The Last Cattle Drive is one of the few mainstream-published
books that shows sentient beings in grasslands cattle country, in 1977. Just a
handful of names are in this category, Willa Cather’s My Antonia was 1918, then there is a gap until William Stafford’s
National Book Award-winning Traveling
through the Dark, poems, in 1963. Wright Morris published Plains Song in 1980. Larry McMurtry’s Lonesome Dove series was 1985.Cormac
McCarthy’s All the Pretty Horses was
1992, Kent Haruf’s Plainsong was
1999, and in 2002, Annie Proulx published That
Old Ace in the Hole. In film, Urban
Cowboy appeared in 1980 and City Slickers in 1991—and its
resemblance to The Last Cattle Drive,
well, that is another story. Unforgiven,
the definitive revisionist cowboy flick, was 1992. So, in 1977, Last Cattle Drive was the first novel to
show contemporary 20th century life since Willa Cather.
A
major accomplishment of The Last Cattle
Drive is its update of the cowboy story. This is a classic United States story,
as unique as jazz. The loner hero, the vagaries of weather and critters, the
challenges of the people—all these are present.
Day
roots his novel in storytelling, with love of his characters’ idiosyncrasies.

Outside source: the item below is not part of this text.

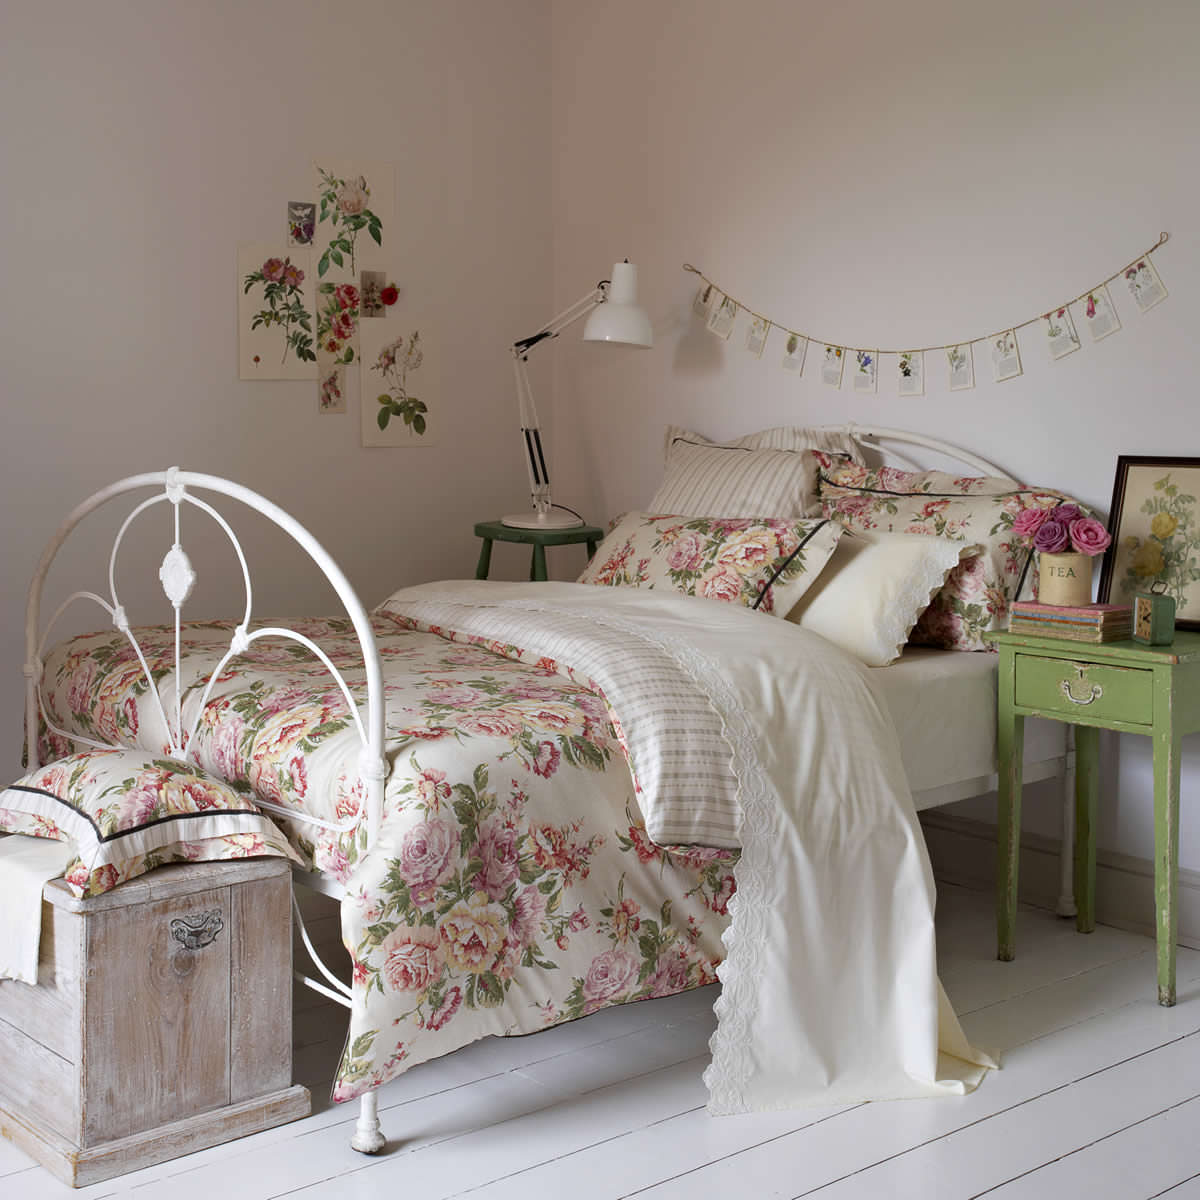 Деревянная и кованая мебель в спальне шебби-шик

No one is Garrison Keillor average. Leo tries, but he falls in with the
stronger characters. Authenticity triumphs over the superficial. Most of all,
the cowboy in the story, Jed, leaves a legacy that will live on, even after he
dies in the end. People like Bob Day and some present company still push books
aside to tell stories at table. New generations will continue this tradition.
Another
note—the author Robert Day is very well educated. I remember as a young writer
listening to him quote Rousseau, Jane Austen, and Terry Southern. The Last Cattle Drive borrows from Huckleberry Finn, Andy Adams’ fictional Log of a Cowboy (1903), historic
documents, and pulp westerns. It is a sophisticated piece of writing that
foretells the mashups and metafictions that are common today. He relishes
blending high and low cultures in this well-wrought book.
This
is a book that has reflection, wisdom, action, payoff, and warm characters. It
made me feel more secure in my identity as a grasslands person when I first
read it, and it influenced me as a writer tremendously. I have kept my region foremost
in sight, and I have tried to maintain authenticity. I remember when Bob spoke
to a Washburn University class decades ago and said he did not follow up the Last Cattle Drive with a sequel, because
his writing did not take him that direction. He has remained true to his
stories above all. That is a feat of heroic stature, worthy of Jed and all the
cowboy ancestors.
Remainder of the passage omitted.